**Exercise requirements**
Write out the listing from the line with "LANBEIDE 200ML Diamond" to the line with "Truckee Love Hooded Sweatshirt - Black", both lines included, exactly and nothing beyond. Leave pictures out.

**Stored data**
● ● ● ● ●
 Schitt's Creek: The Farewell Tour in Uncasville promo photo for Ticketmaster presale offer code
● ● ● ● ●
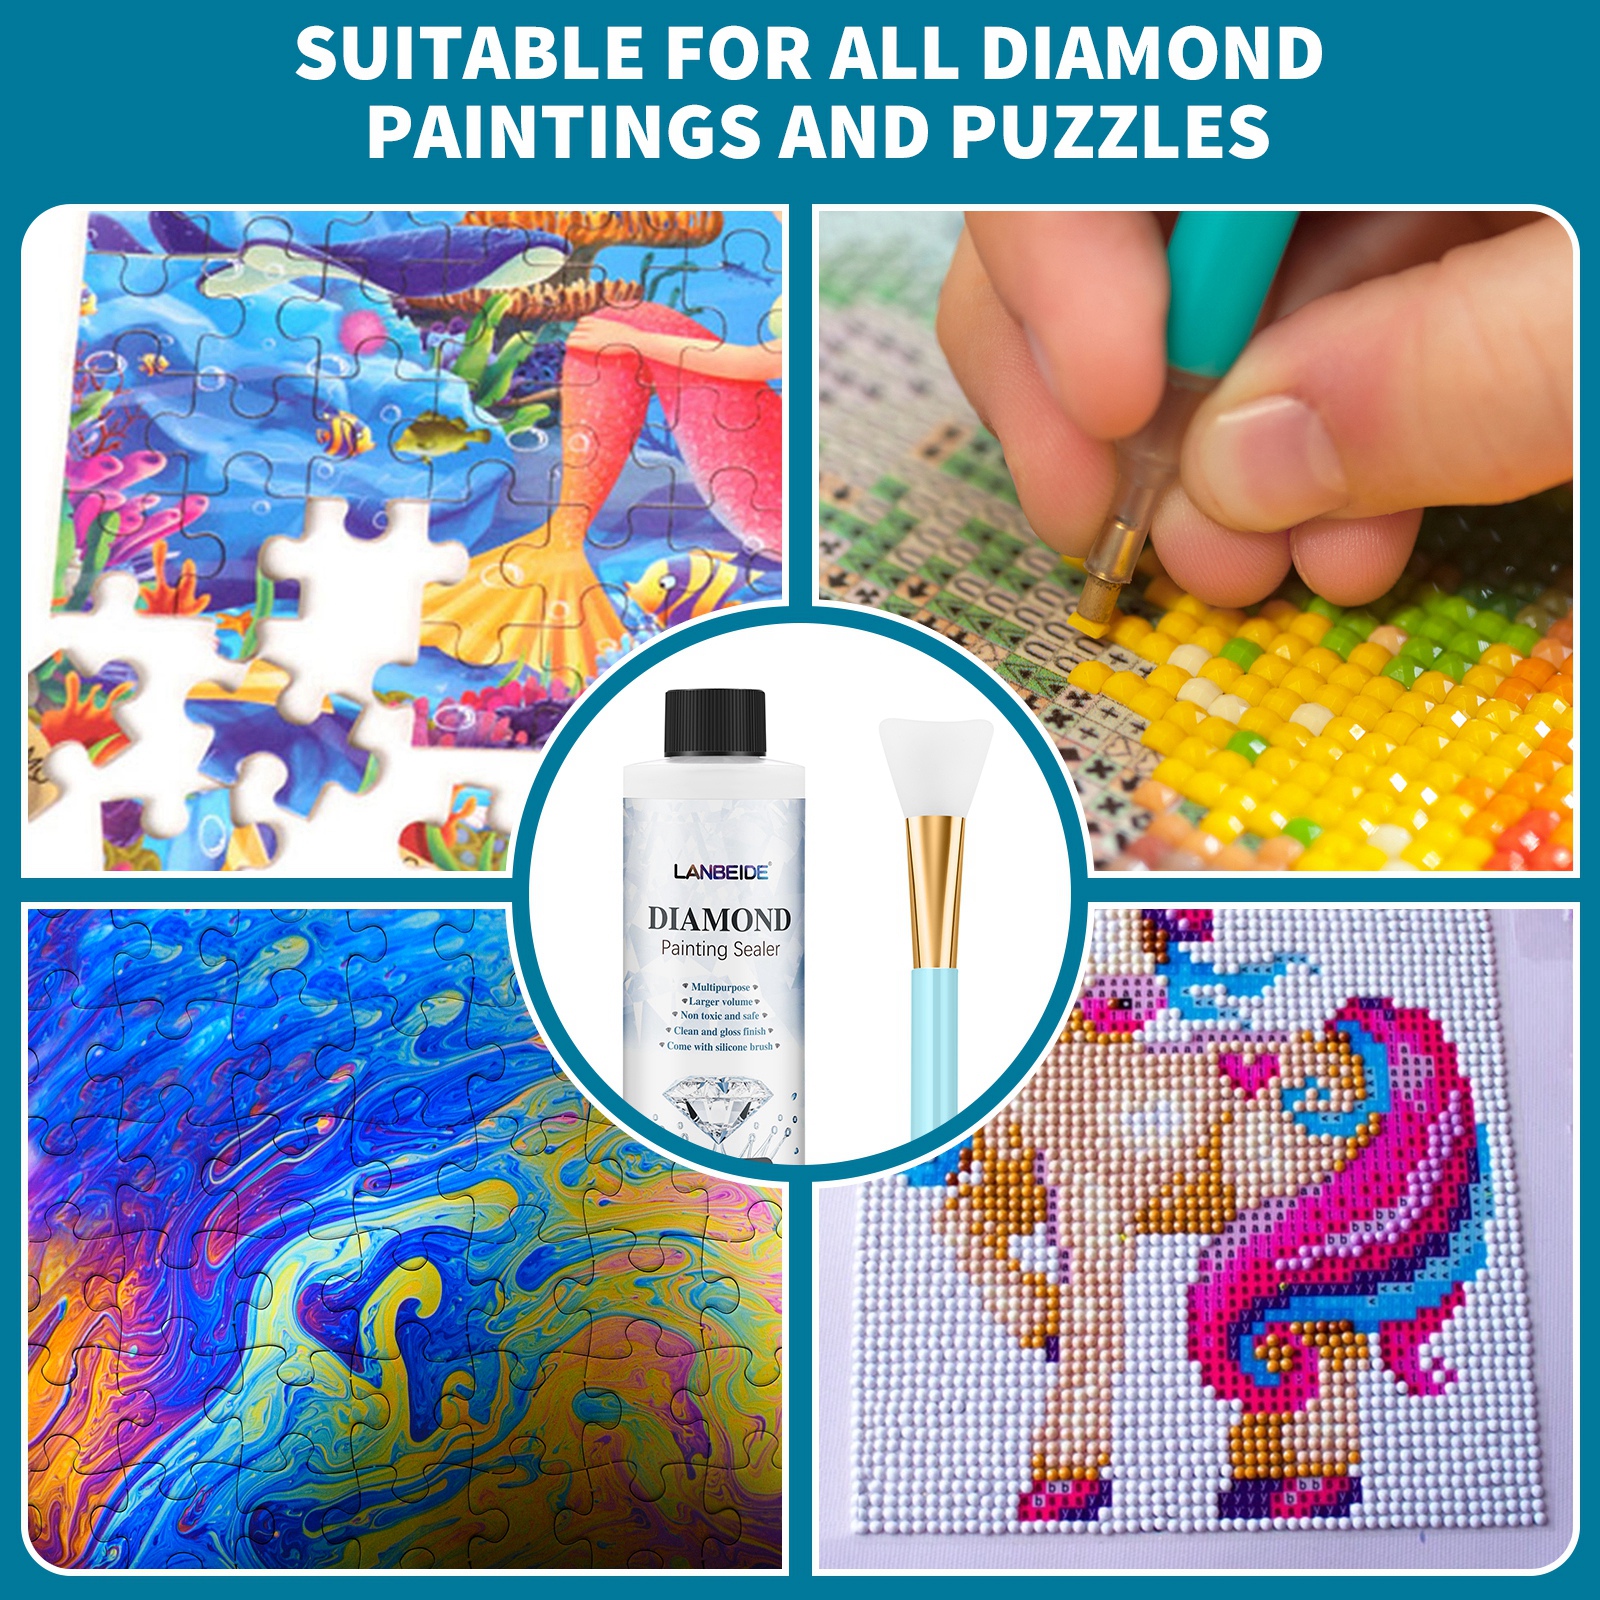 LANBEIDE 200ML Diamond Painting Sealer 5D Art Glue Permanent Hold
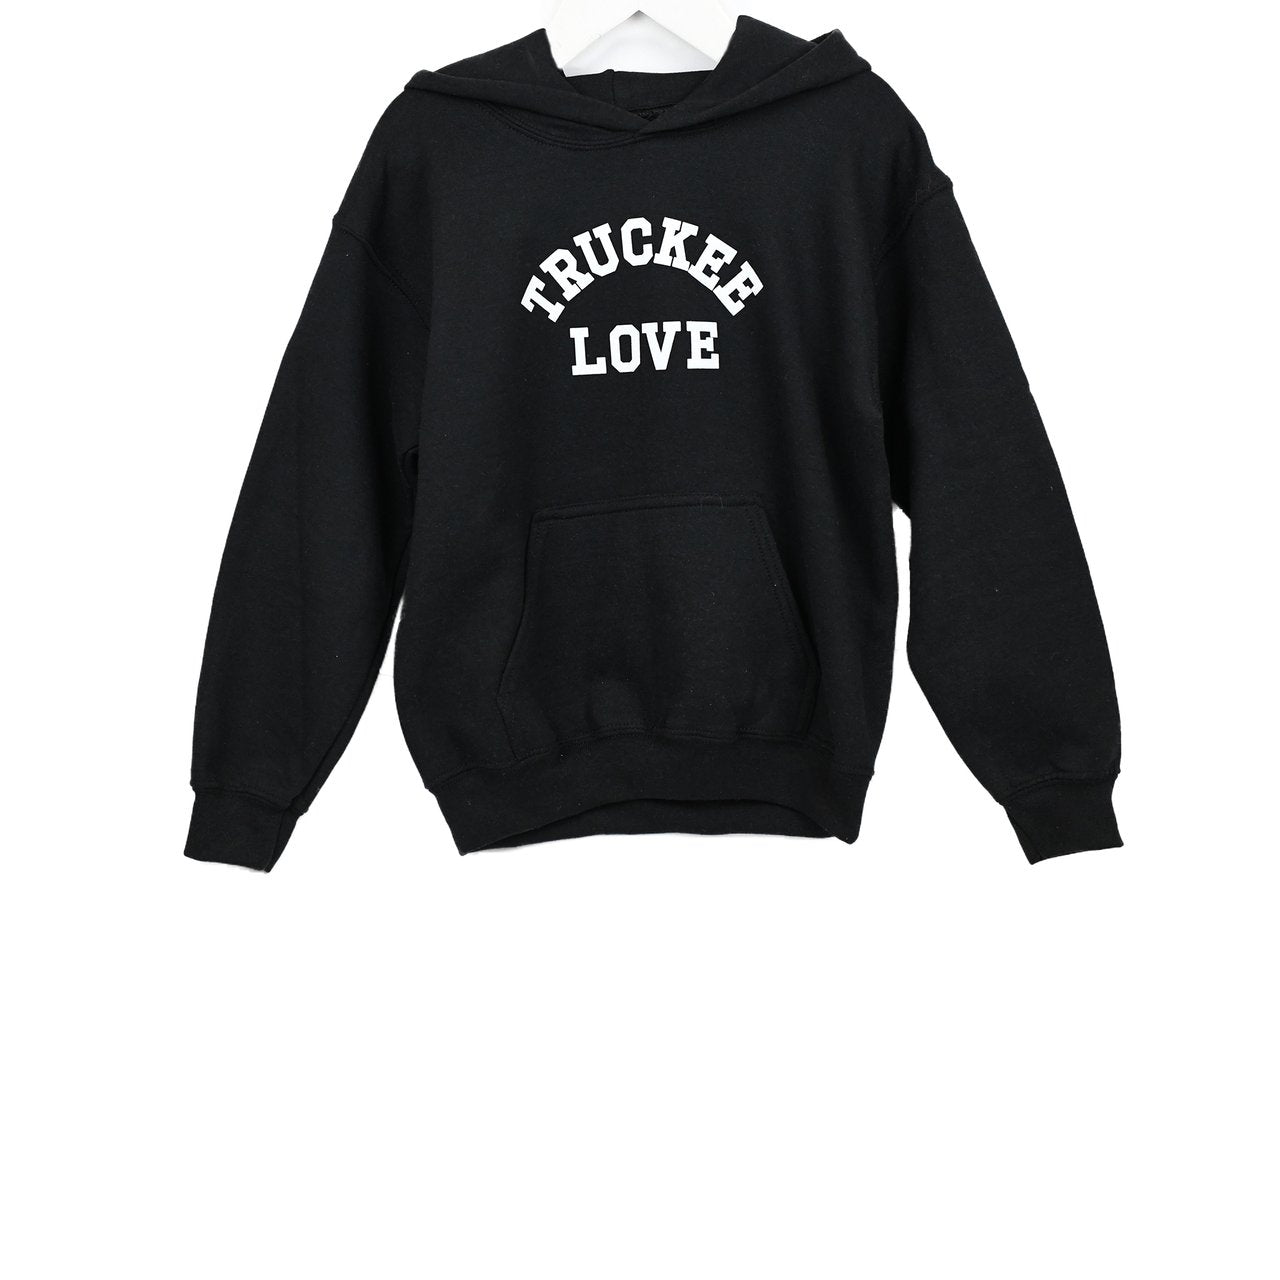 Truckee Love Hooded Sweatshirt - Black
● ● ● ● ●
**Finished task**
 LANBEIDE 200ML Diamond Painting Sealer 5D Art Glue Permanent Hold
 Truckee Love Hooded Sweatshirt - Black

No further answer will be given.